Fourth off landing craft ramp at Juno Beach

From our November 2012 issue

By Garth Combs – Airdrie, Alta.

I was born on Sept. 10, 1922 at Deloraine, Man., and joined the Royal Winnipeg Rifles Regiment on Jan. 6, 1942. I was a rifleman in 7th Platoon of ‘A’ Company, trained in Canada for five months and then was sent to Aldershot, England.

I went into action on June 6, 1944 in Normandy, France and took part in the D-Day Invasion on Juno Beach. We had to battle 10-foot waves in very rough seas. When the ramp of our landing craft was lowered, I was fourth out of it and a huge wave hit me and I went under water. We carried an average of 80 pounds of equipment.
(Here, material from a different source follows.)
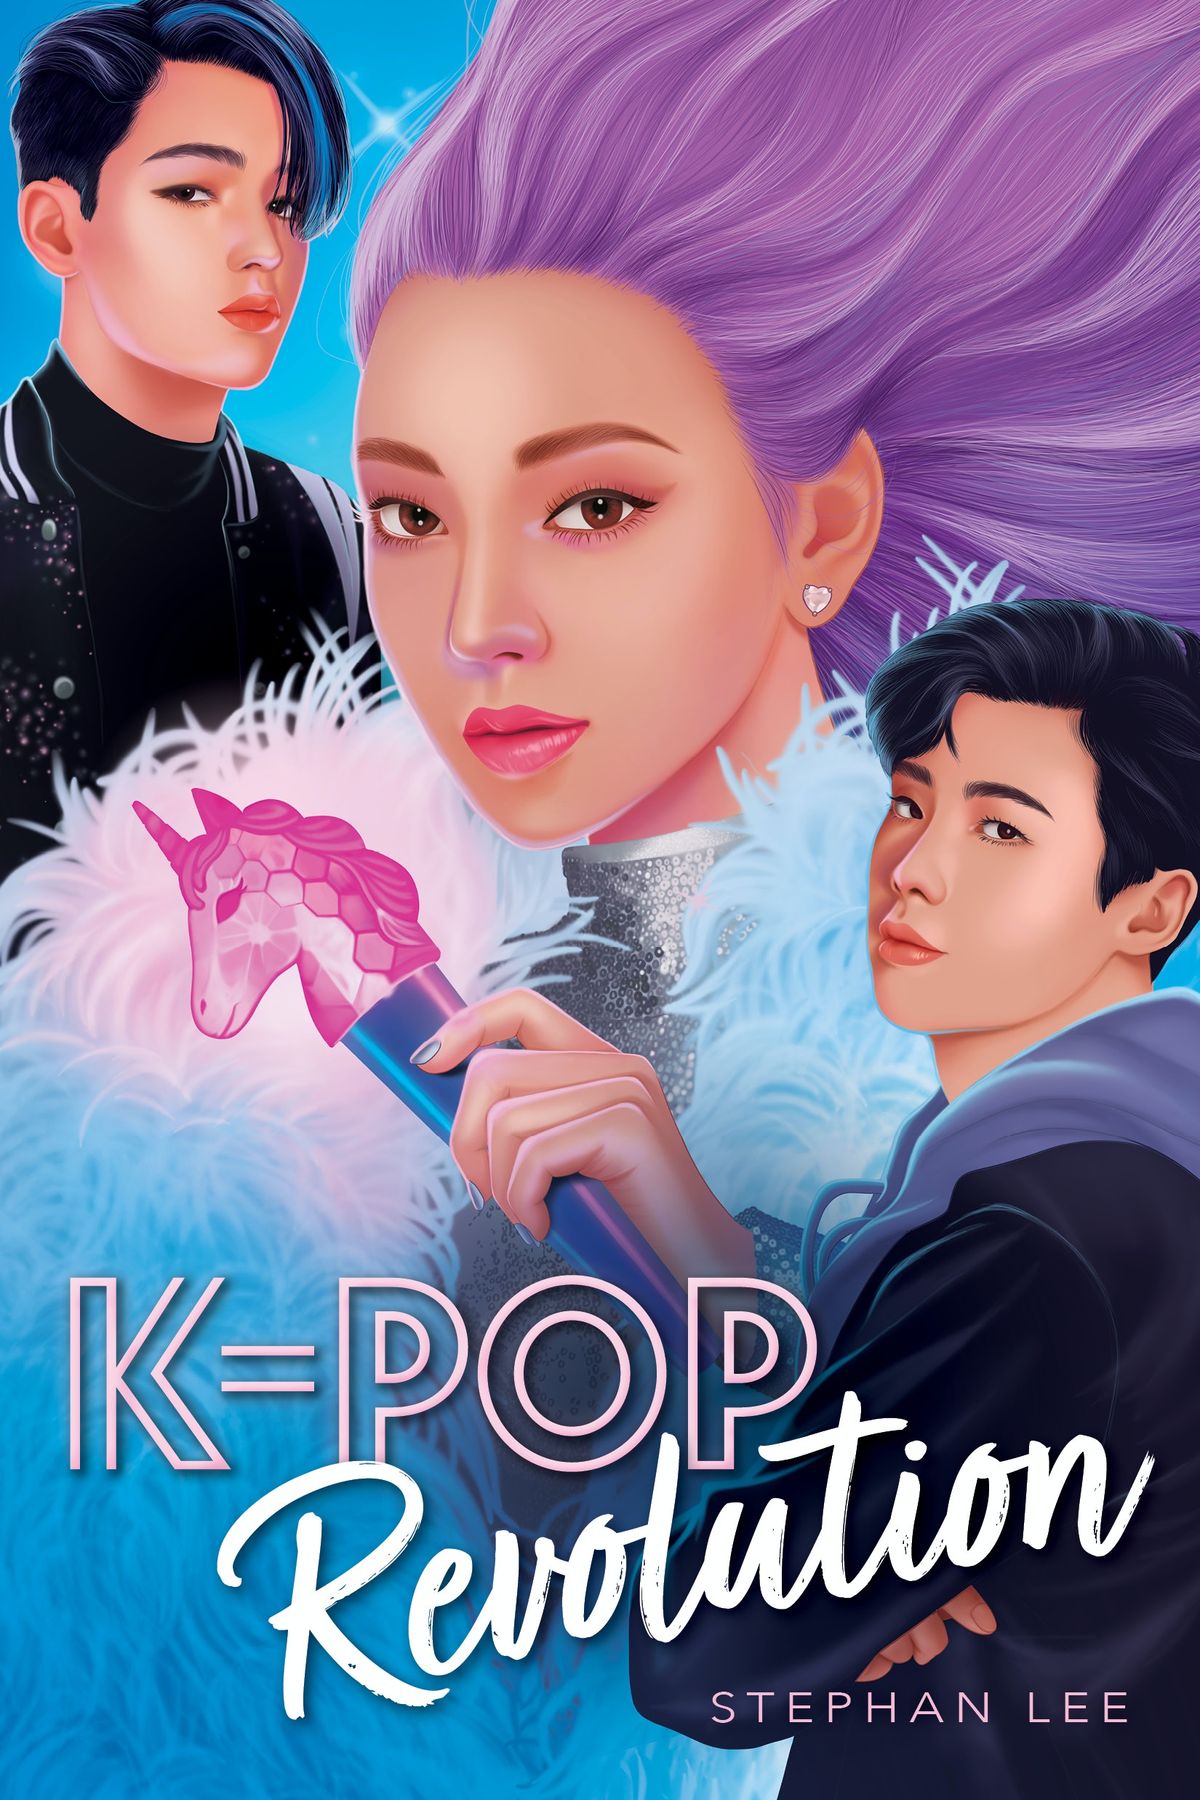 Pirmą kartą pažiūrėkite į Stephano Lee konfidencialų K-Pop tęsinį, K-Pop Revolution

Luckily, I surfaced. I was a non-swimmer and got to shore somehow. I could see machine gun fire arcing towards us because it was laced with tracer rounds and it was like a water hose spraying our front and ramp area.

There was fierce and intense blasting of German machine guns, mortars, and artillery fire. As I was running on the beach I could see some of my buddies lying dead or wounded.

I had to get past the gun posts and hopefully into the village to dash inland. We cleared the villages of Graye-sur-Mer and St. Croix-sur-Mer.

On June 7, ‘A’ Company of the Royal Winnipeg Rifless crossed the roadway from Bayeux to Caen to be the first unit of the invasion force to reach their objective along with the Regina Rifles.

I was wounded on June 8 and sent back to England. I later rejoined my regiment in Belgium and continued to fight until the end of the war. I feel very humble and fortunate that I was spared when many of my buddies weren’t.

I returned to Canada, was discharged in 1946 and started farming.

In 1951, I married Jill Lebeau of Glenora, Man. who was teaching in my district called Thirlstane. We have 3 children. We moved to Gibsons, B.C. in 1969 and after retiring in 1988, we moved to Airdrie.